**What is expected:**
Could you transcribe all of the data exactly and skip any pictures?

**Input data:**
*** Block opens ***
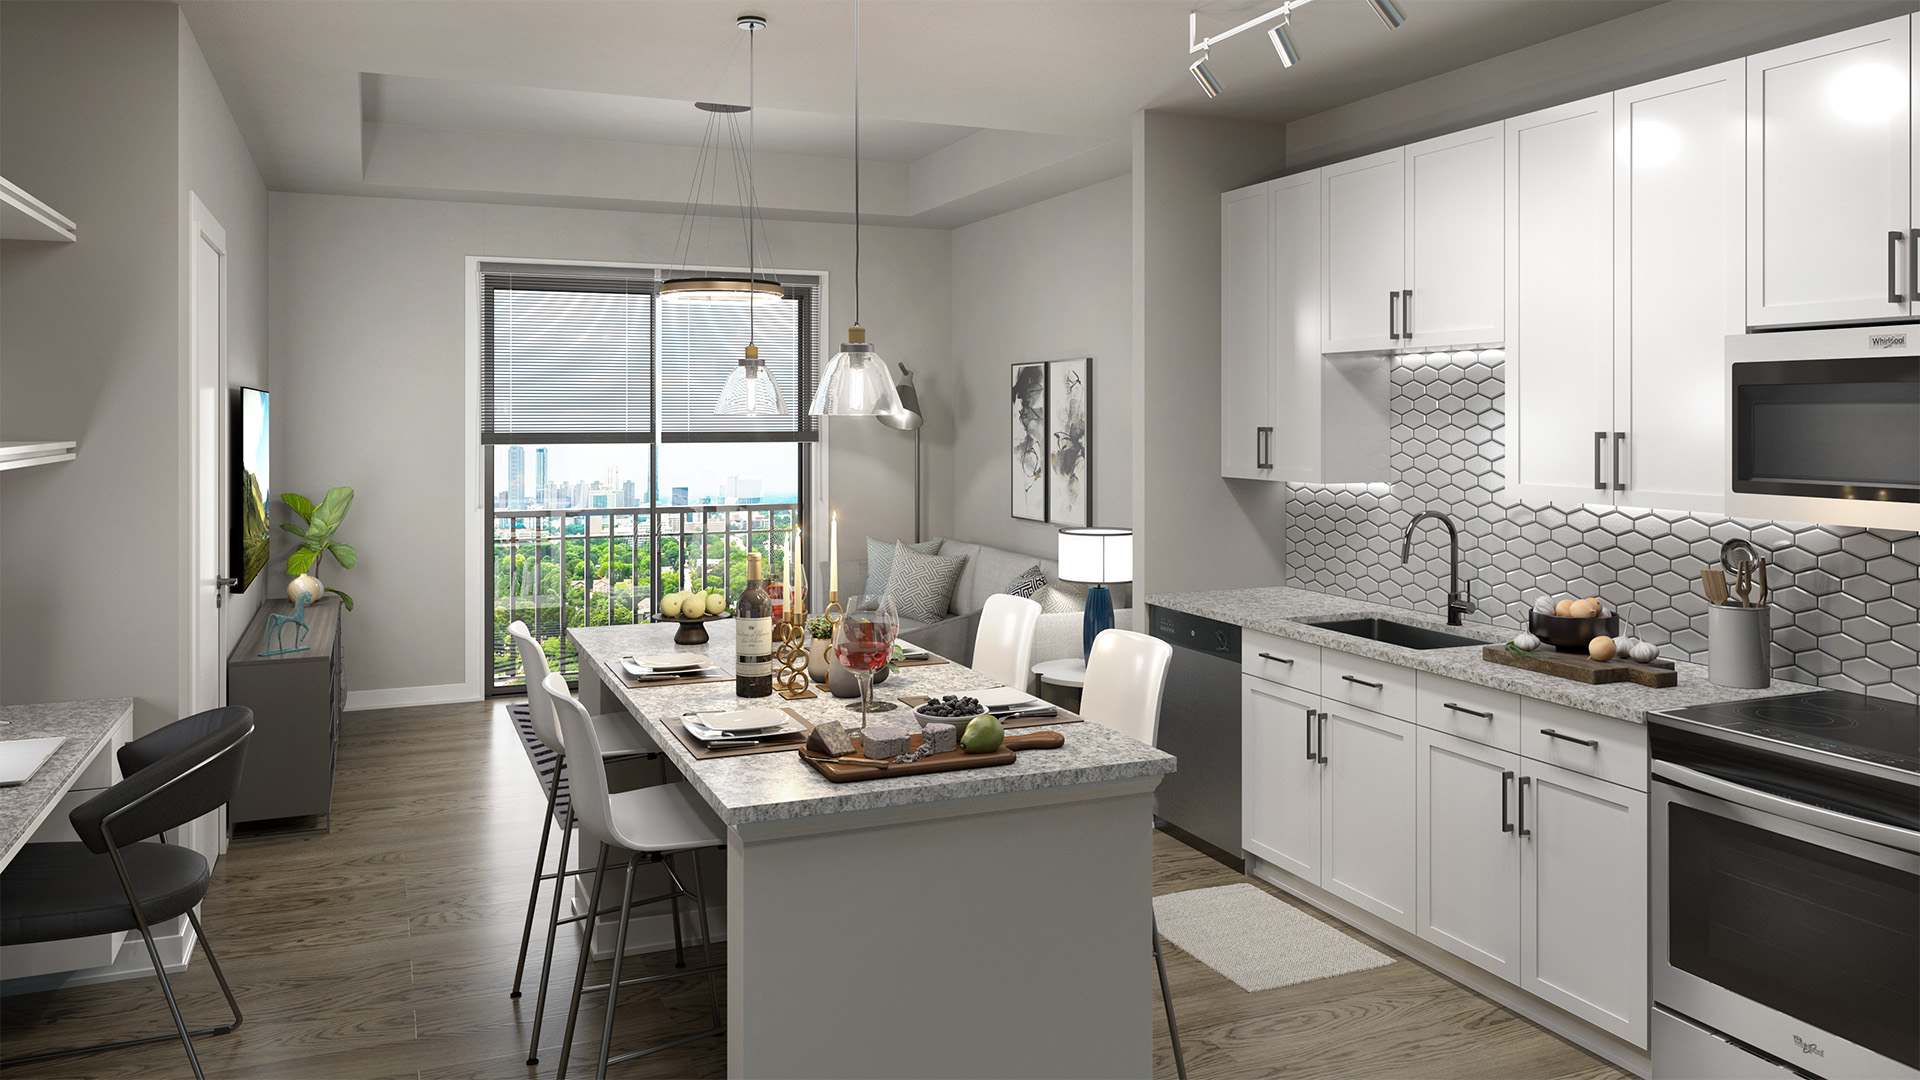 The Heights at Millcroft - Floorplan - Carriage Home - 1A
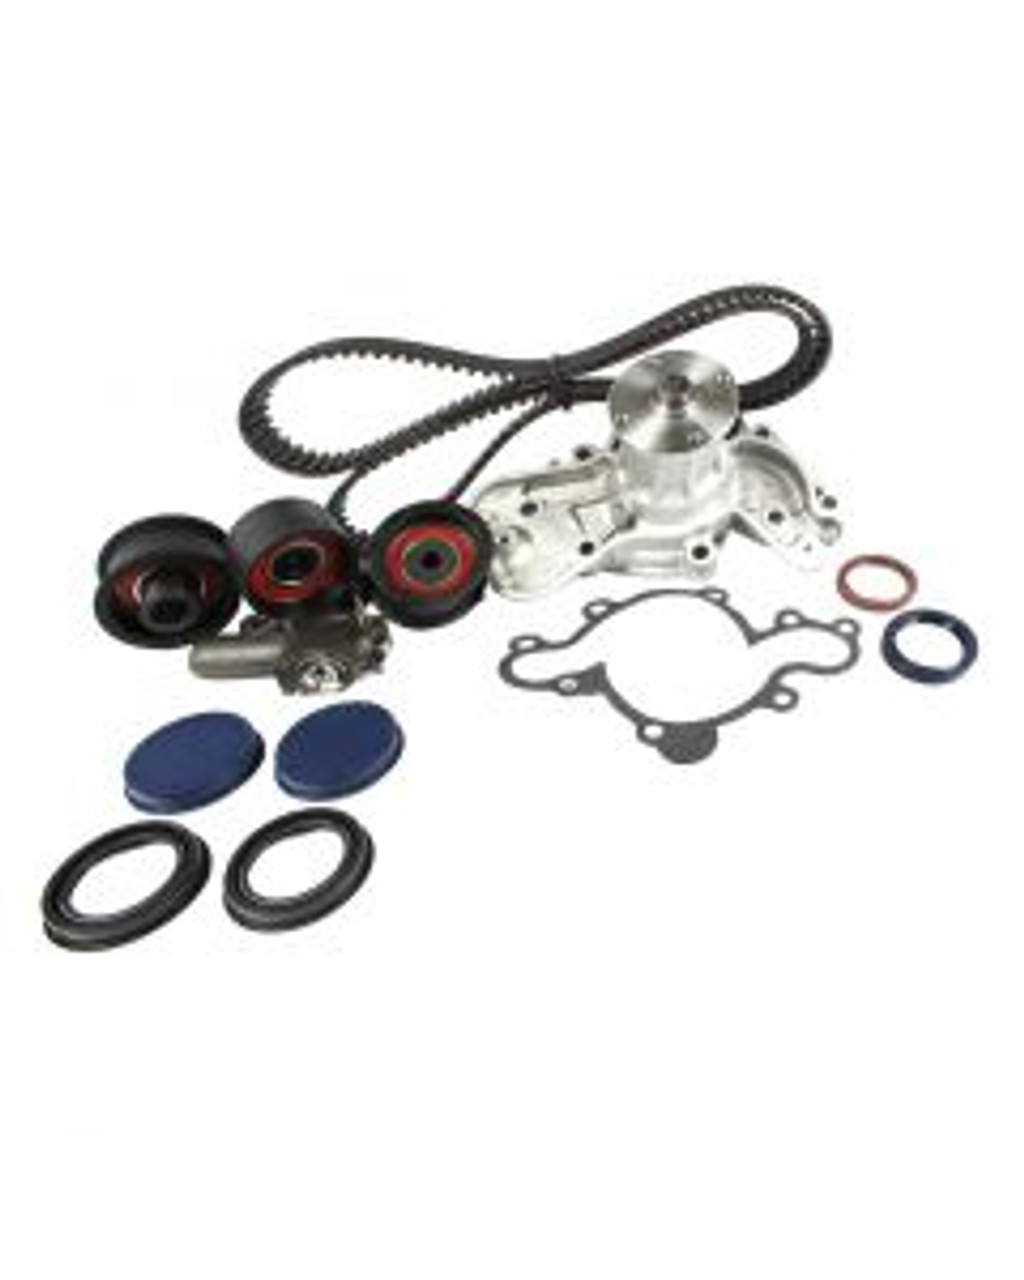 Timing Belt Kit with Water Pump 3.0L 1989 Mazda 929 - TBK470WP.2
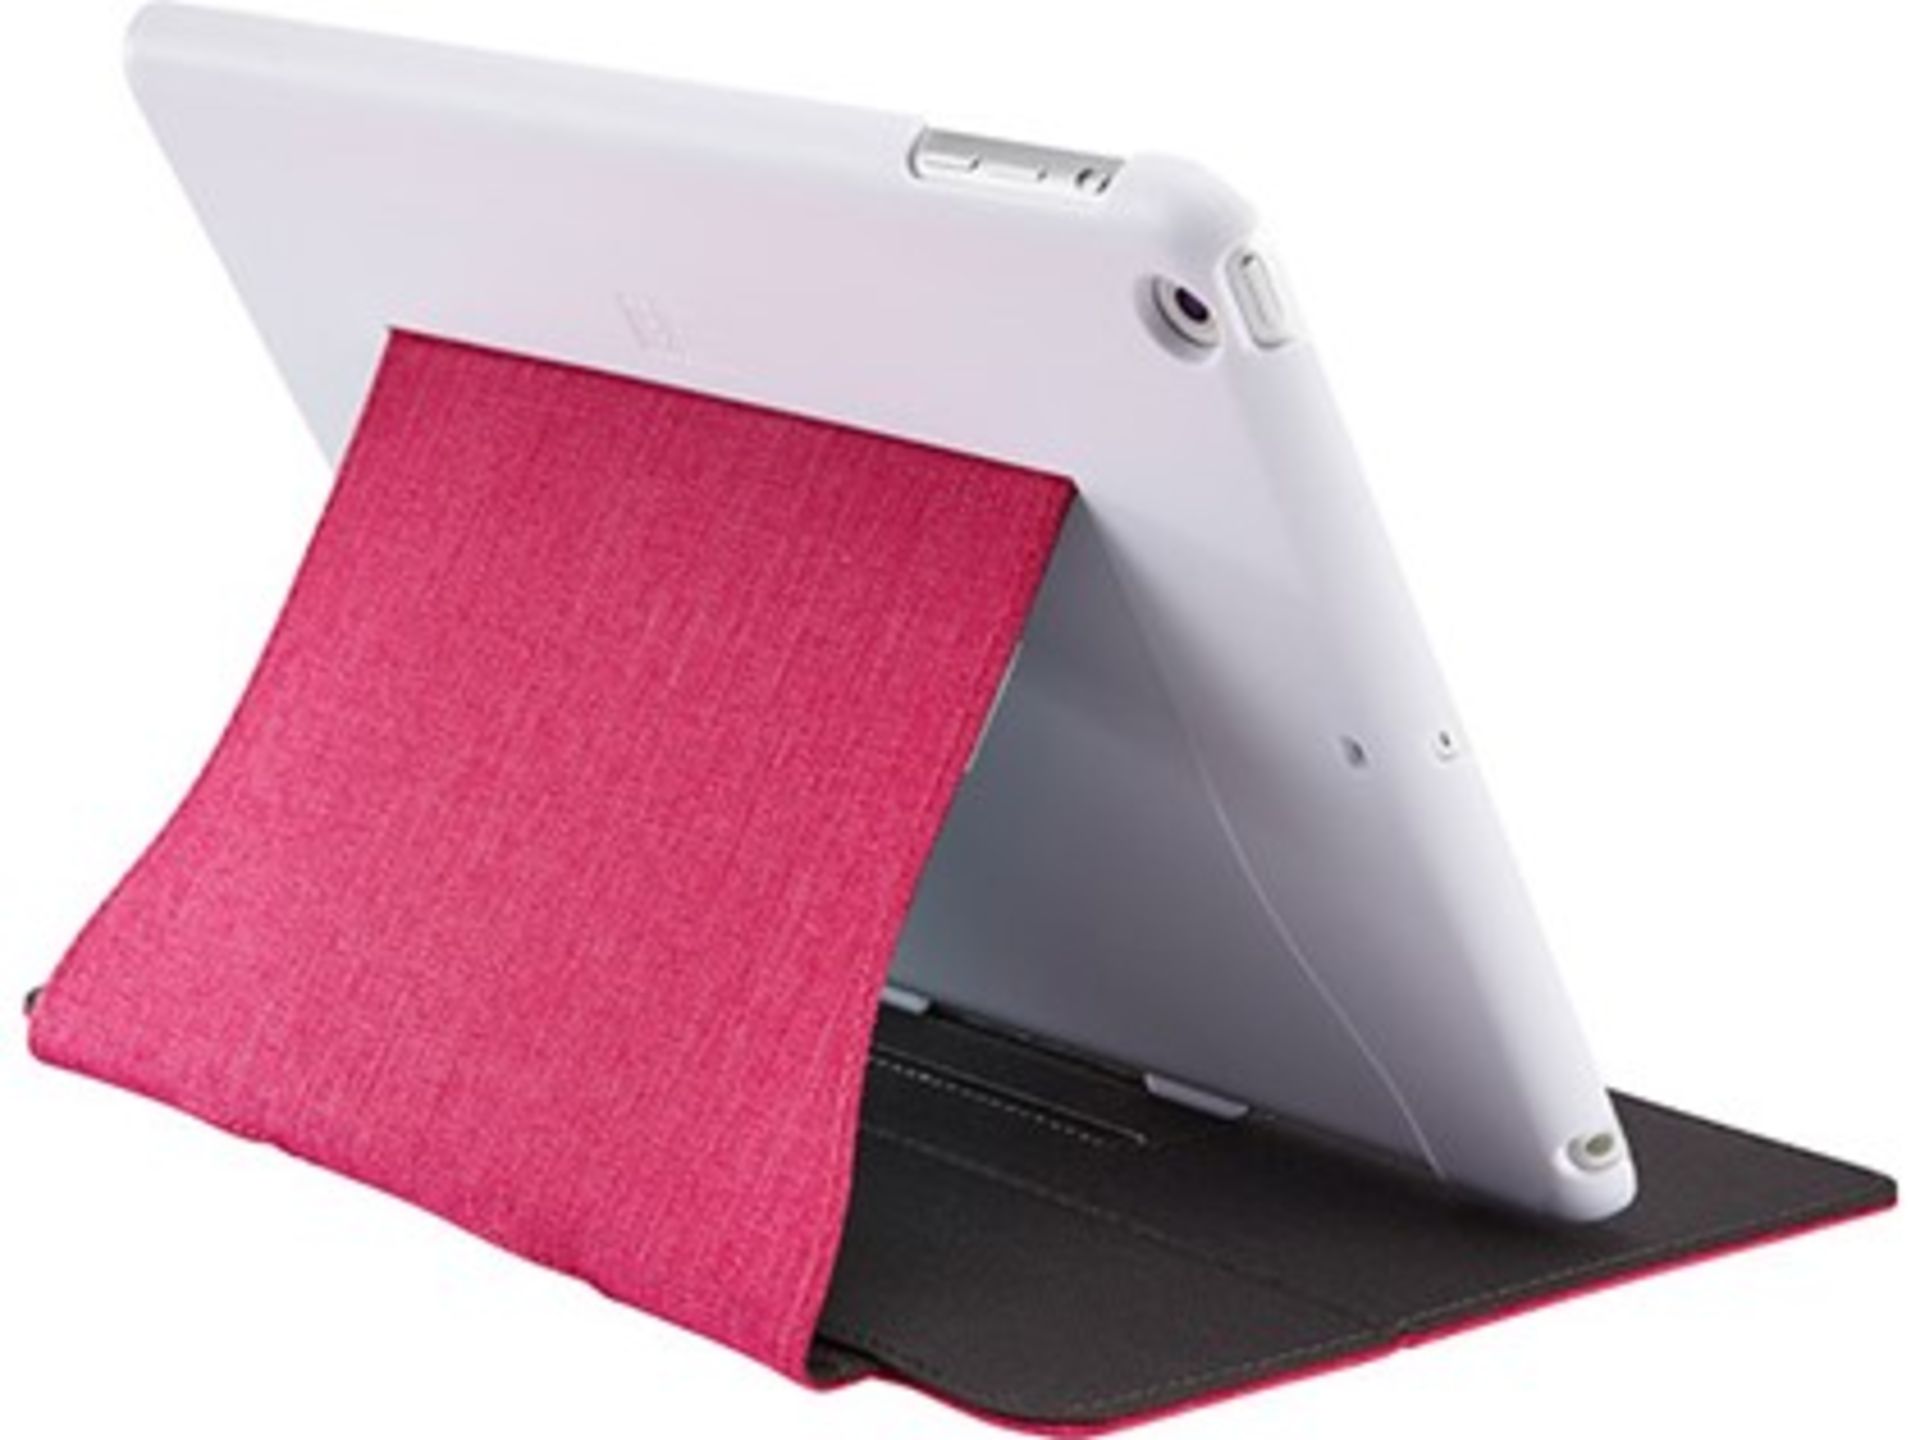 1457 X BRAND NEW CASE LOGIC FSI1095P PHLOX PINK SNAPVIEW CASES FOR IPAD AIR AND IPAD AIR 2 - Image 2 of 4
*** Block closes ***
**Exercise answer:**
 The Heights at Millcroft - Floorplan - Carriage Home - 1A
 Timing Belt Kit with Water Pump 3.0L 1989 Mazda 929 - TBK470WP.2
 1457 X BRAND NEW CASE LOGIC FSI1095P PHLOX PINK SNAPVIEW CASES FOR IPAD AIR AND IPAD AIR 2 - Image 2 of 4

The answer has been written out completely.